The Play of Dorian Gray

Drugs. Sex. Money. Excess. Narcissism. Moral depravity. I could be referring to the nightly news, but really I am referring to Oscar Wilde’s The Picture of Dorian Gray. That novel about a man who sells his soul for eternal youth and beauty, that slowly sucks you in, thrilling and horrifying you at the same time. You cannot leave that book without being a little scarred, but also excited too.

Clearly many others have been impacted by Wilde’s hedonistic writings, for Roundhouse Theatre in Bethesda, MD has turned the infamous novel into a play. Why pick the only novel by Wilde, when the man wrote many plays? Yet playwright Roberto Aguirre-Sacasa did not just change the form of the story, but also the setting. I do not know what type of reader you are: the one who finds the Venice Beach setting of Baz Luhrmann’s Romeo+Juliet” offensive or the one who relishes modernizations. Personally, I am always eager to see a book jacket dusted off and turned into something visually gripping. If the book is turned into a play then why not go all out?

Dorian Gray is particularly modern in a world of Botox and Hollywood. Setting the story in 1980s London is perfect for the plot. It was a time of too much money, too much cocaine, and moral extremes. It was also the time when now-famous modern artists, like Damien Hirst, were discovered, thus making Dorian’s haunting portrait relevant.

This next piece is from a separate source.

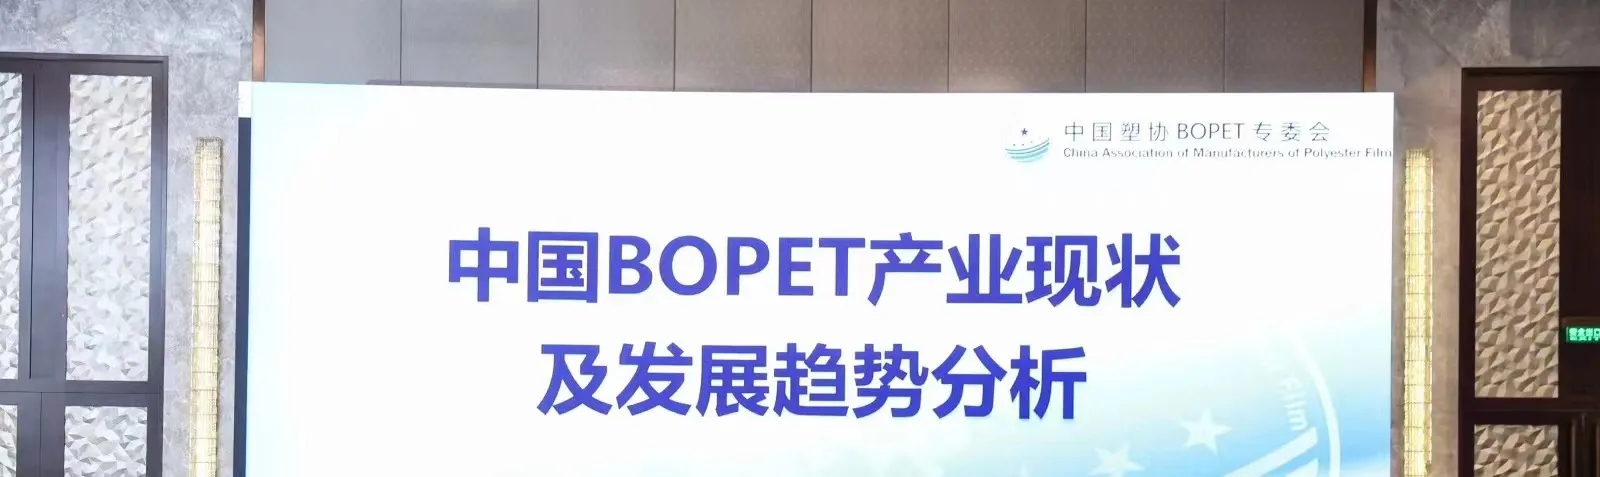 Konferencia a kínai BOPET-ipar jelenlegi helyzetéről és fejlődési trendjéről

The portrait is certainly haunting. In many ways, the story works better visually. We can really see the excess of Dorian’s life and the degradation of his painting because of this. This is not a play for children (particularly because of the full frontal nudity) or those easily prone to nightmares. The novel is not a fairytale, but one gone wrong.

For the most part, the actors understand this. With a sparse, but sharp cast of seven, each actor is relied upon to convey many characters and emotions. Dorian himself is perfectly tortured and the rest of the actors show their torment well. There is one weak part though and sadly this actress drags down the first half of the play with her appalling British accent. Its a little ironic that she happens to play the “actress” Dorian falls in love with only because of her acting.

Nevertheless, the play is gripping and an intriguing overall adaptation.